These tutorial videos were created for Beyond Prototype, an advanced seminar in digital fabrication at Columbia University Graduate School of Architecture Planning and Preservation.
A4141: Beyond Prototype
Instructor: Jason Ivaliotis, Adjunct Assistant Professor of Architecture
Students: Omar Morales-Armstrong, Adam Gerber and Mark Paz
Software: Rhino + Grasshopper
Tutorial Focus: Parametric Generation of hybridized mesh system using Grasshopper. Topics include folded cellular modeling and depth and aperture control using distance based attractors.
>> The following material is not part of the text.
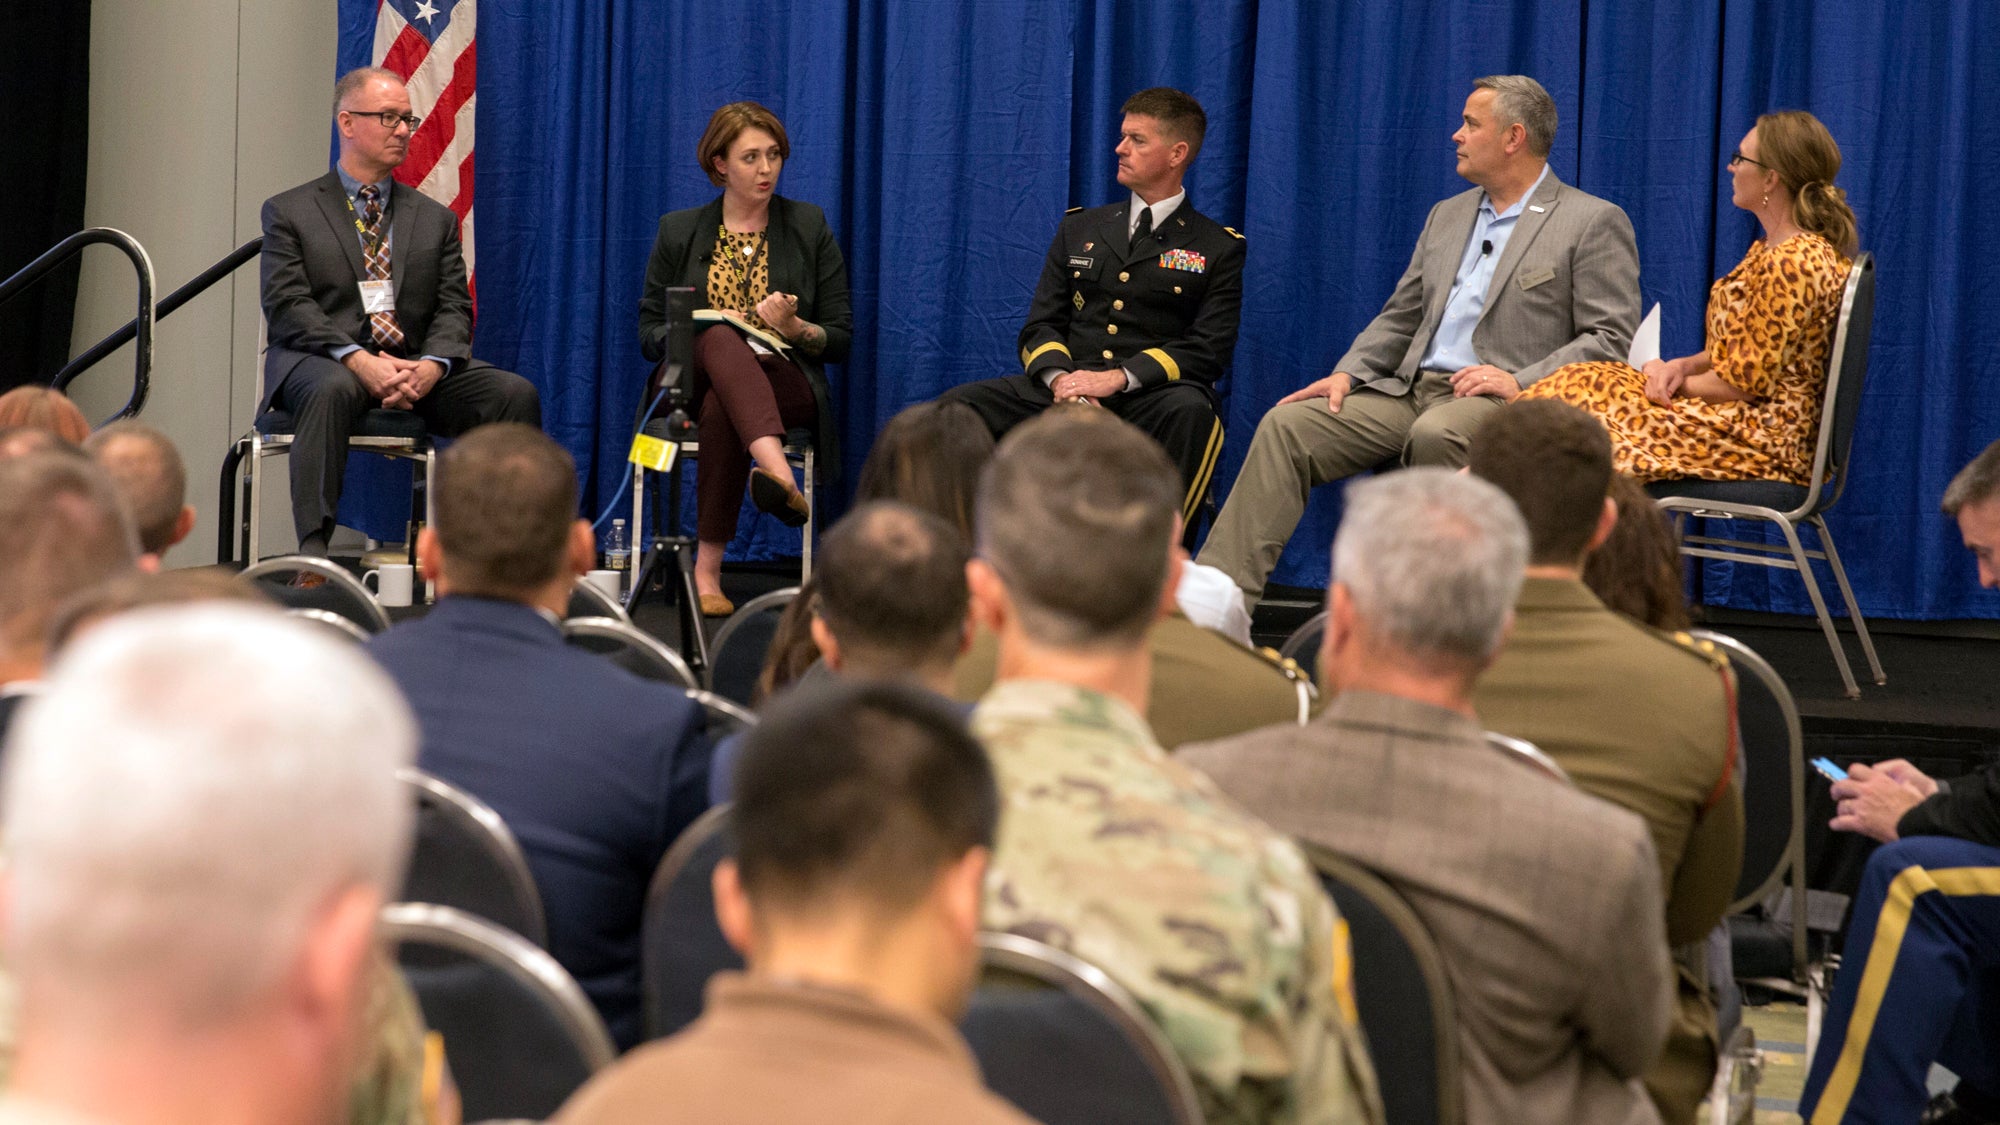 A panel of experts discuss the risks and rewards of engaging on social media during a session titled “Risky Business – Leadership in the Information Age,” Oct. 14 at the AUSA 2019 Annual Meeting and Exposition.

The relationship between the components of structure and the components of enclosure is conventionally considered to be mutually exclusive. However, in an environment where material efficiency and speed of fabrication is becoming more important, there exists an opportunity for the designer to intervene within the fabrication process to assimilate both structure and envelope into one hybridized system. Within this course, students begin by studying the complexities of origami and then experiment with these folding techniques through the construction of both physical and virtual models.
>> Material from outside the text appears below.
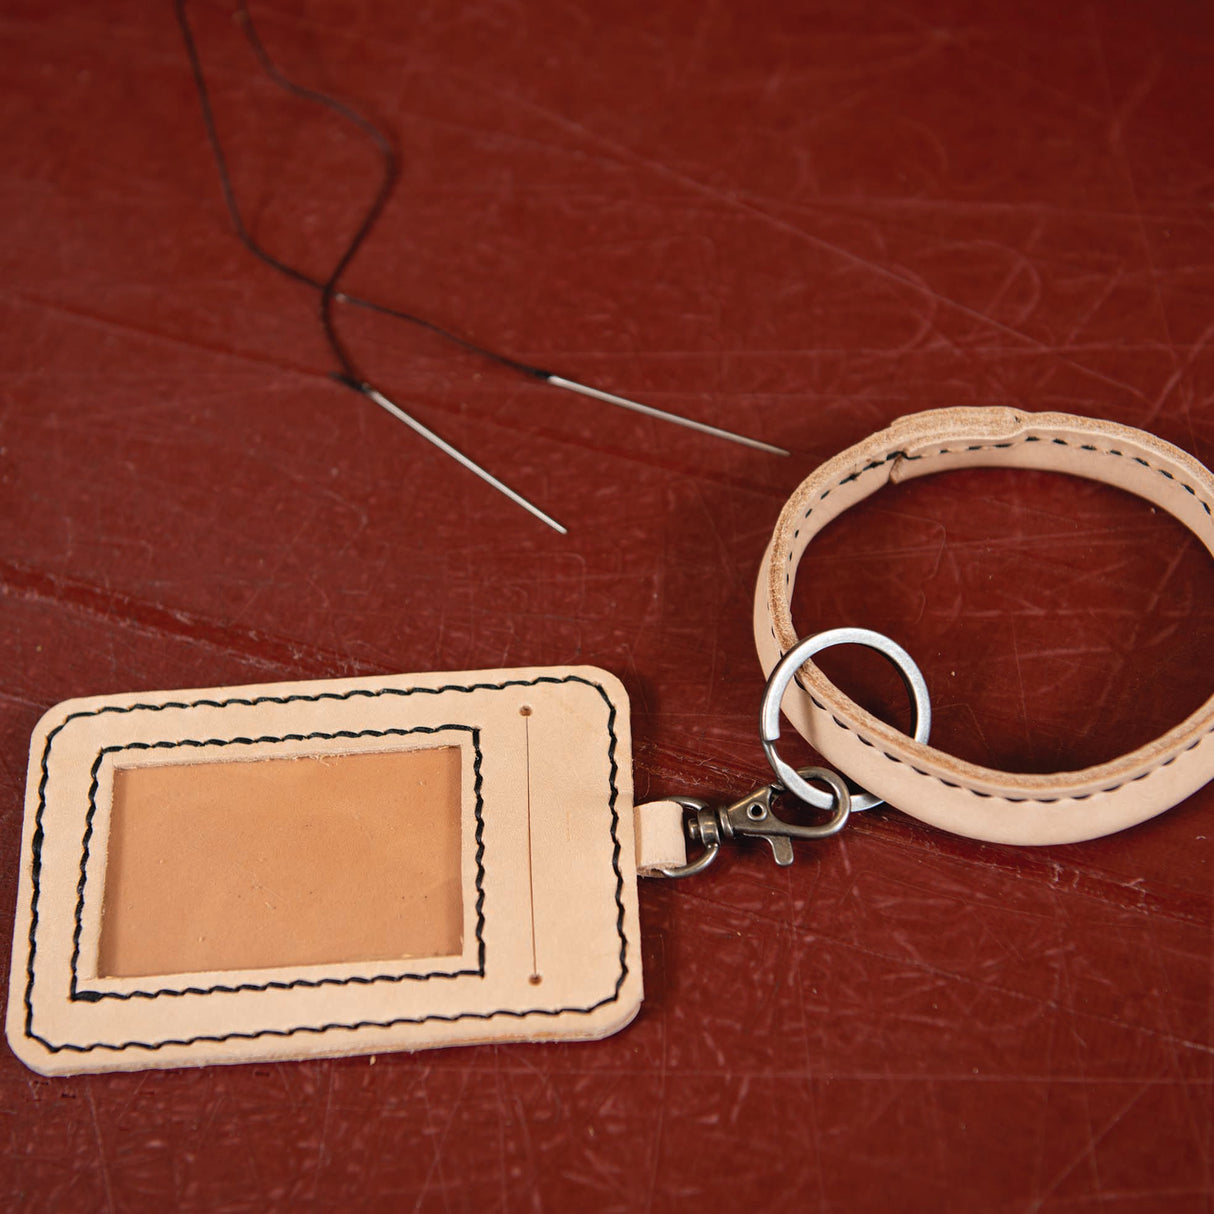 Natural Vegetable Tanned Leather - Weaver Leather Supply

Beyond Prototype encourages and enables student designers to use digital software as a generative tool and the laser cutter, CNC Mill, plastic bender and welder as a means to bring virtual systems into the physical realm. The students are asked to design a variable mesh of at least 15 cellular components born from one complex tessellated surface and parametrically manipulate the tessellation based upon a developed set of performative criteria. Students employ Grasshopper and Rhino to streamline the generation and parametric manipulation of complex cellular networks to devise a completely automated design and fabrication process. Bridging the gap between digital conception and physical construction, we use various software platforms to flatten the tessellated geometry into individual cells and then shift focus to the fabrication equipment where these cellular forms where extracted from conventional acrylic and aluminum sheet stock and reanimated into the digitally generated, three dimensional component system. The individual cells are transformed using cutting, strip heat bending, welding and folded manipulation in order to fabricate a topological network of elements: a homogeneous, self supporting mesh. In effect, the students create structure from non structure and complex systems from simple surfaces. Specific emphasis is placed on the development of multiple systems of geometry and various materials within the same structural network in order to discern elements of surface and elements of connection.
The research objectives of this course encourage students to devise functional design applications, establish contextual relevance for their component systems and propose realistic fabrication scenarios based on quantifiable material and mechanical constraints. Components are extracted from the digital realm, built at full scale, tested and reevaluated, effectively taking us beyond prototype.